Все гогочут, какая-то девица с правильными чертами лица и мелкими светлыми глазками – вылитая Елена Глинская в исполнении Герасимова – запела нечто под гитару. На мотив «Спокойной ночи, малыши», как многие из хипповских самодельных песен. Помню слова:

– Мы ментов стремать не бу-удем, пусть тусуются как лю-юди, неформа-альным станет стриженый наро-од…

Мы с Саней присели возле на спинку лавки, слушали.

– …маком розовым покроется Земля-а, и цвести повсюду будет конопля-а. Волосатые ублюдки-и буду-ут нюхать незабудки, вся земля – Сайгон и Гоголя-а…

Ожиданием описанных в песне чудес и прочих – разнообразных! – были наполнены наши с Саней сердца, сердца московских хиппов, сердца советских граждан…

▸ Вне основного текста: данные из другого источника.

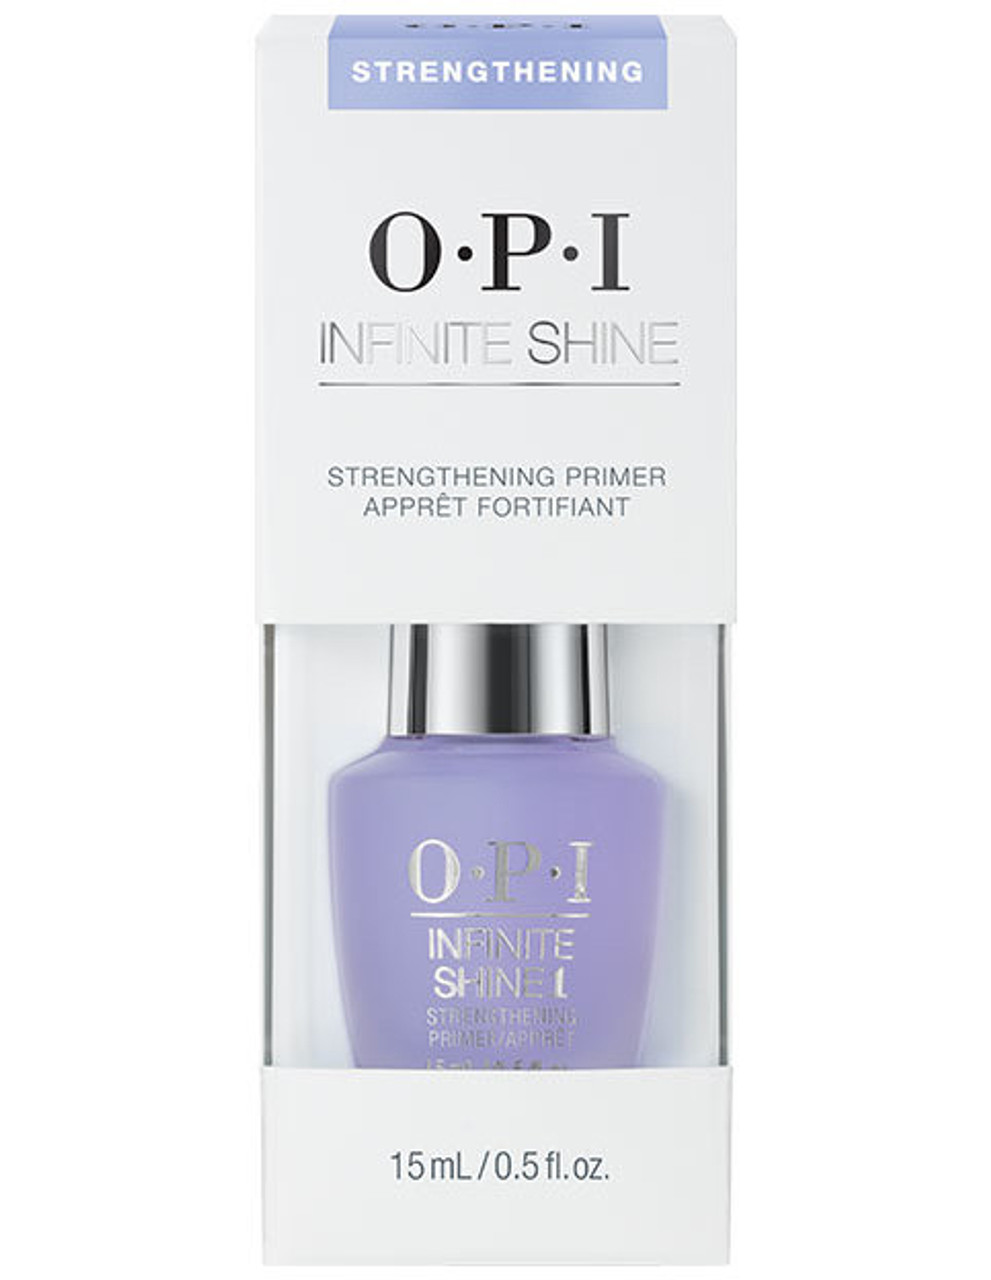 OPI Infinite Shine Strengthening Primer - 0.5 oz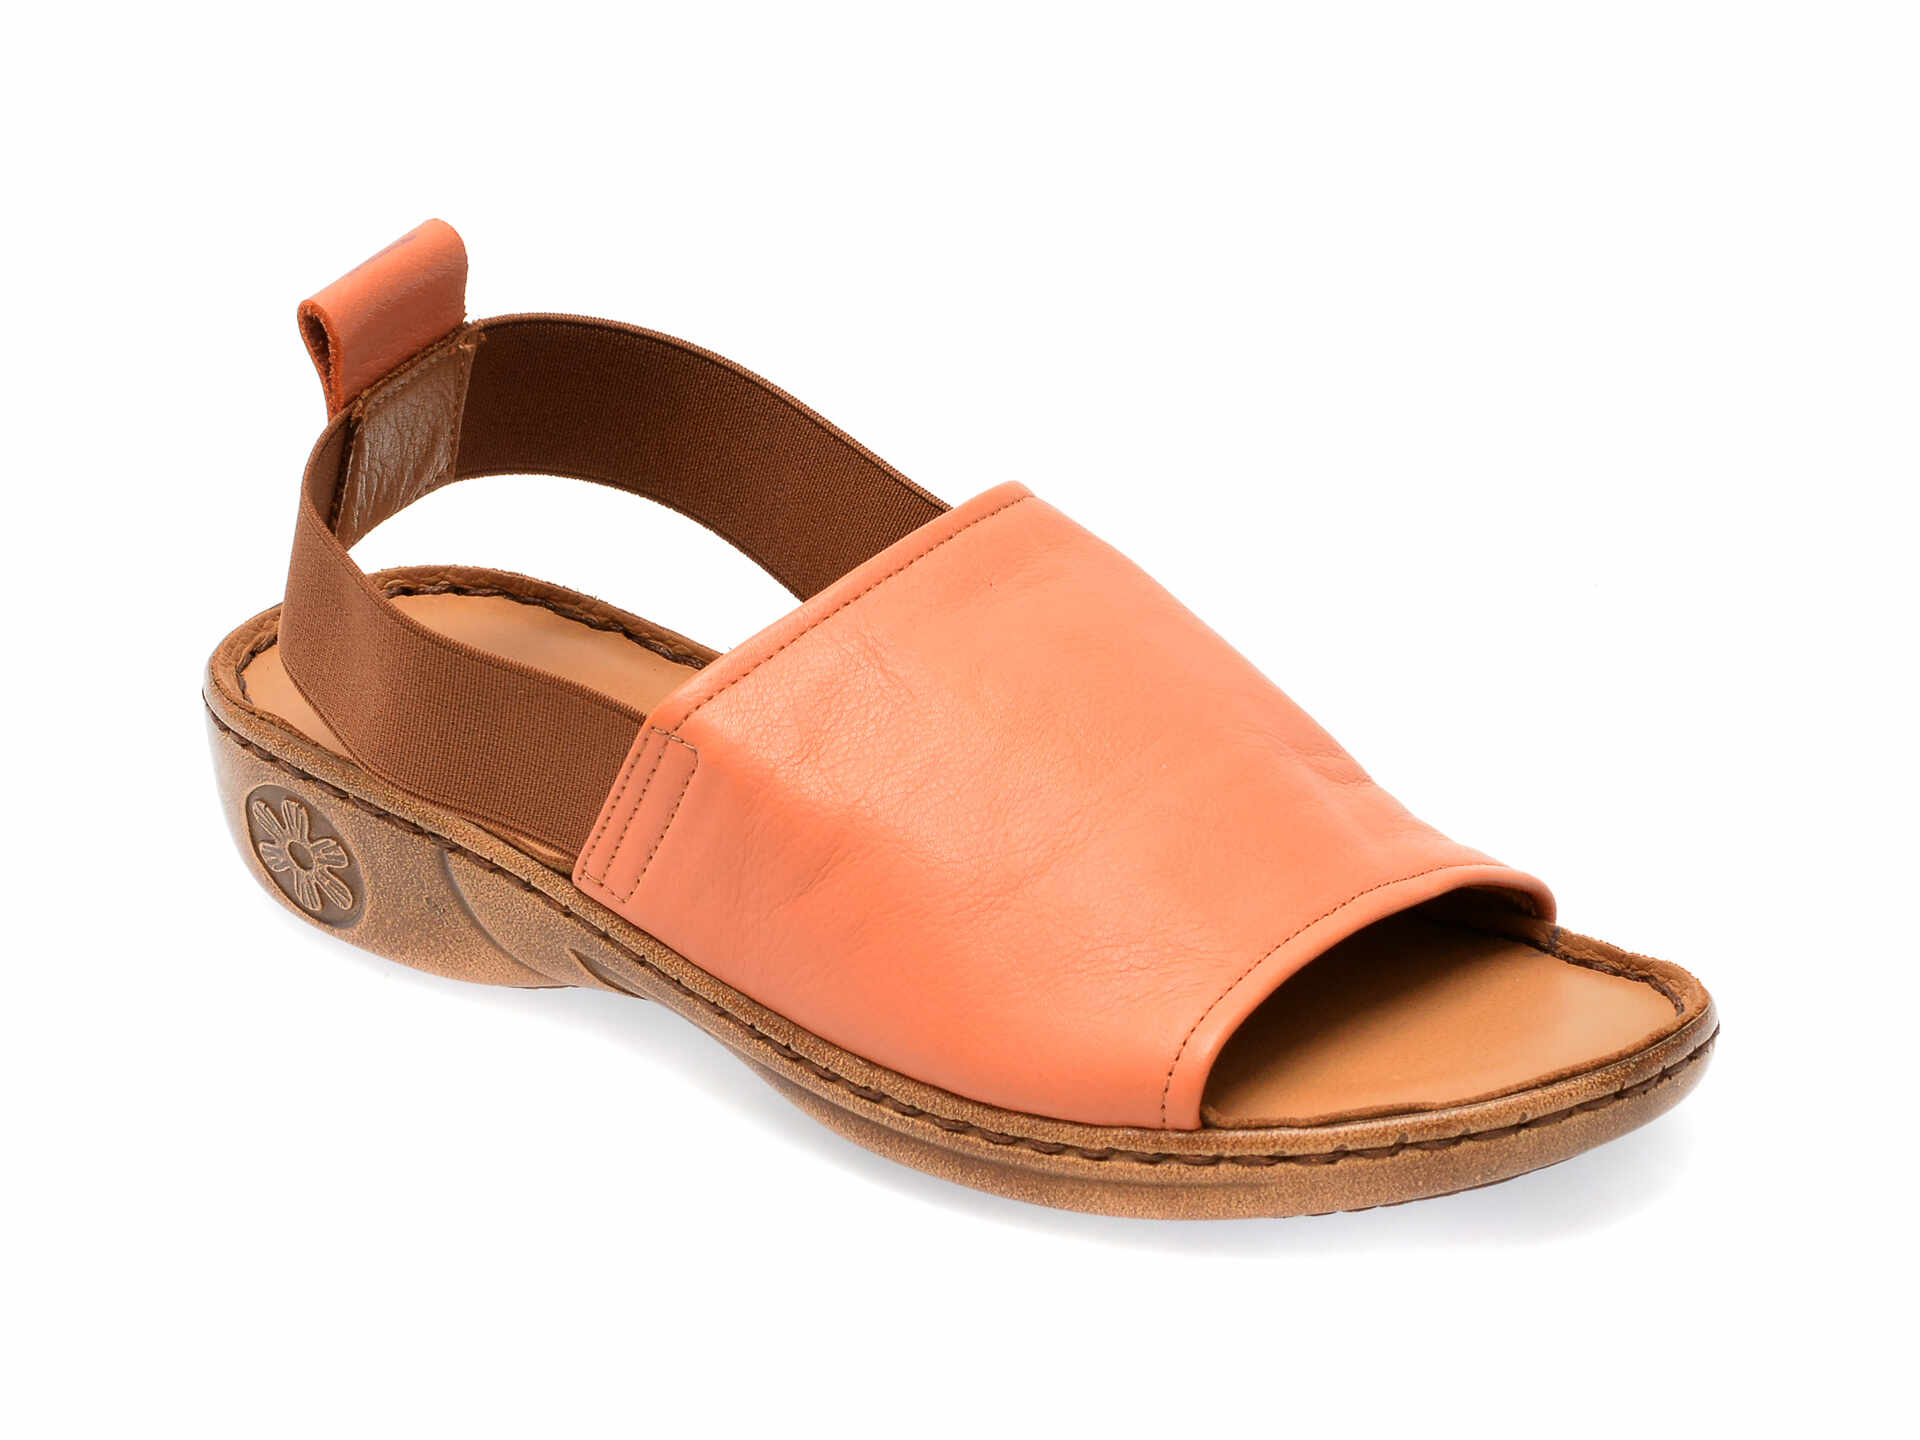 Sandale FLAVIA PASSINI portocalii, 211070, din piele naturala

Той зимой мы часто стояли в кафе «Современник» неподалеку, – стульев было мало. Покупали друг другу кофе. На пирожок денег уже не хватало. Когда хотелось есть, мы хватали со столов черный хлеб, посыпали его солью и кормили друг друга этим хлебом. Нас выгоняли тетки с грязными тряпками, мы шли на улицу, под вечную капель и топтались там в серой снеговой каше, с мокрыми ногами: мало у кого были приличные сапоги. Почти не замечая того, что стоим в луже, мы, как ребус, разгадывали песни Борисова. Что он хотел сказать песней про песню, сплетенную из травы?.. Это однозначно анаша!.. Откуда спер фамилию Ключарев? Это намек на Маканина? Значит, это песня про дефицит счастья в мире?..

– А город голубой – это не Бо, это Жан Волконский. Стих называется «Рай». Автор исследовал Книгу Зогар…

– Стало быть, и «Золото Господа» тоже родом из Каббалы? Это золото из библейской страны Офир?

– Что ты городишь! Метафор не понимаешь? Золото – это божественная энергия. Энергия созидания, добра и любви. Нимбы какого цвета на иконах?

– С этим все понятно. А вот десять ветров на западе и на востоке – это, я думаю, о ветрах перемен он поет…

– Ну ты еще со скорпами сравни! – с негодованием восклицает кто-то.

– Я знаю, о чем речь, – сказала я. – Это из Откровения Иоанна Богослова. И увидел он четырех ангелов, стоящих на четырех концах земли, которые держали четыре ветра, чтобы не дули они ни на землю, ни на море, ни на какое дерево.

– О! Правильно герла говорит…

Мы с Саней здорово подтянулись в музыке и литературе за это время. И занялись творчеством. Санины «поиски в искусстве» закончились освоением акустической гитары, мои – стихами под Цветаеву.

Творчество в «системе» считалось условием необходимым. Без него не снискать уважения. Правда, многие, вообразив себя художниками и музыкантами, всю жизнь так и считали. Имея талант меньше гречишного зерна.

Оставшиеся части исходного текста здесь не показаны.